And how do I know all this? Because below this text is a picture of me, living proof that shade doesn’t get the final word.
My story has roots that reach back through generations. My pap as I called him my dad’s dad grew up in deep poverty, the kind that trains you to survive but forgets to teach you how to rest. My dad carried that scarcity forward. He left when I was two, not out of malice, but confusion. We did see each other, yet he found it hard to reach out. I became the child who reached and reached until I mistook silence for rejection.
My mum was adopted, which meant love to her was both a blessing and a question mark. She loved me the only way she knew how, by doing everything. Homework, choices, emotions, all packaged with affection and a little bit of overdrive. She tried to make sure I never felt what she once did: unwanted. And in doing so, she accidentally built a cage made of care.
So yes, I grew up thinking love was giving too much, chasing too hard, and proving I was worth staying for.

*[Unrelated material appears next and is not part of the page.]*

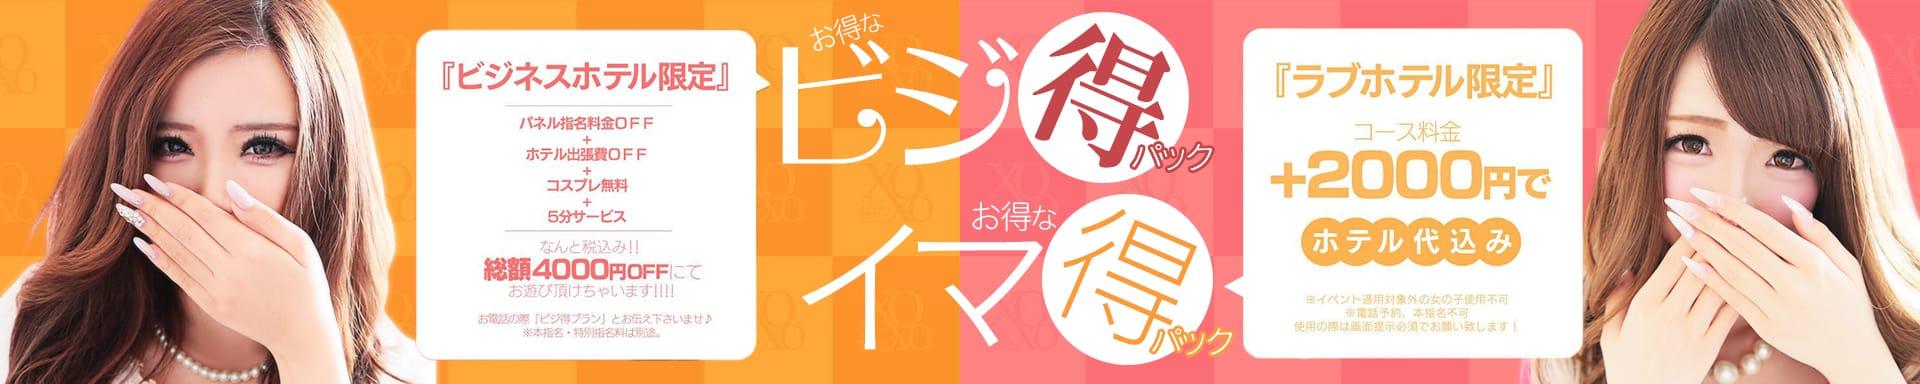 XOXO Hug&Kiss 神戸店 その3
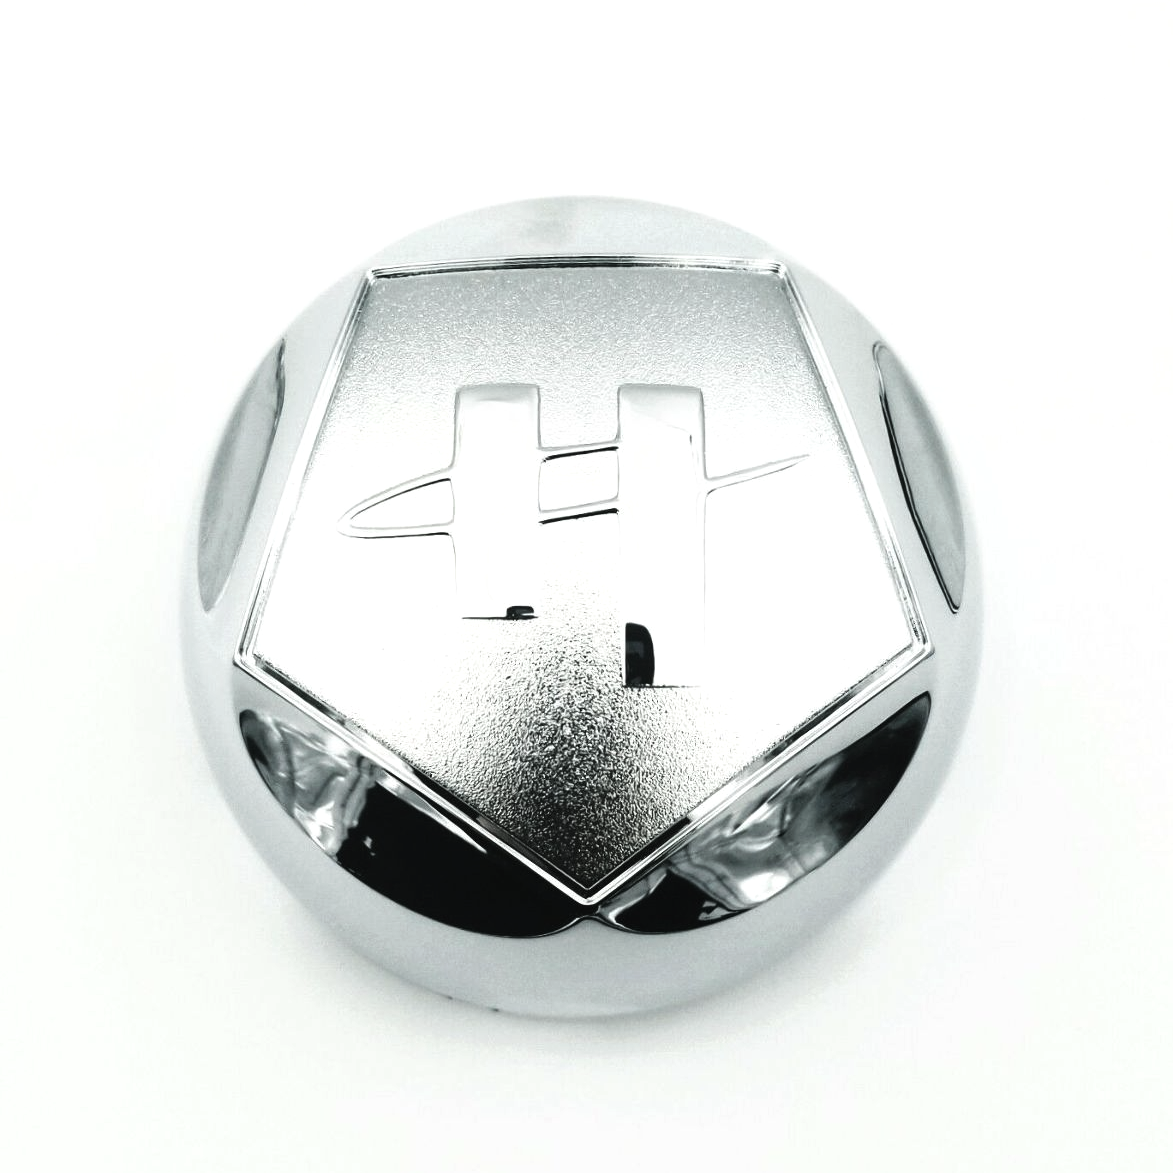 "Helo Chrome Wheel Center Cap 3"" (81mm) Diameter for HE789 HE791 5x114.3 5x127"

Thirteen years of addiction, chaos, and heartbreak later, I finally realised, I wasn’t broken. I was just running code written long before me.
Because that’s how incarnation works: when you’re born into a family, your brain literally maps itself to those emotional dynamics. It’s not that you’re unworthy, it just feels that way while you’re living inside the pattern.
You inherit the emotional software, but you are not the software. You’re the one who gets to rewrite it.
And that’s what I did, I created the literal way out. Emovere.
What started as my survival turned into a roadmap, a practice of moving emotion, freeing the body, and restoring the heart’s original language: safety, belonging, and light.
So that picture below? It’s not a “before” or “after.” It’s a snapshot of someone who finally understood that healing isn’t about fixing what’s wrong, it’s about remembering what was never broken.
Poverty, abandonment, adoption, addiction, they were just coordinates pointing me back home. And now, that home is called Emovere. It’s how I move people, body and soul, back into the truth that they were never the pain, they were always the love.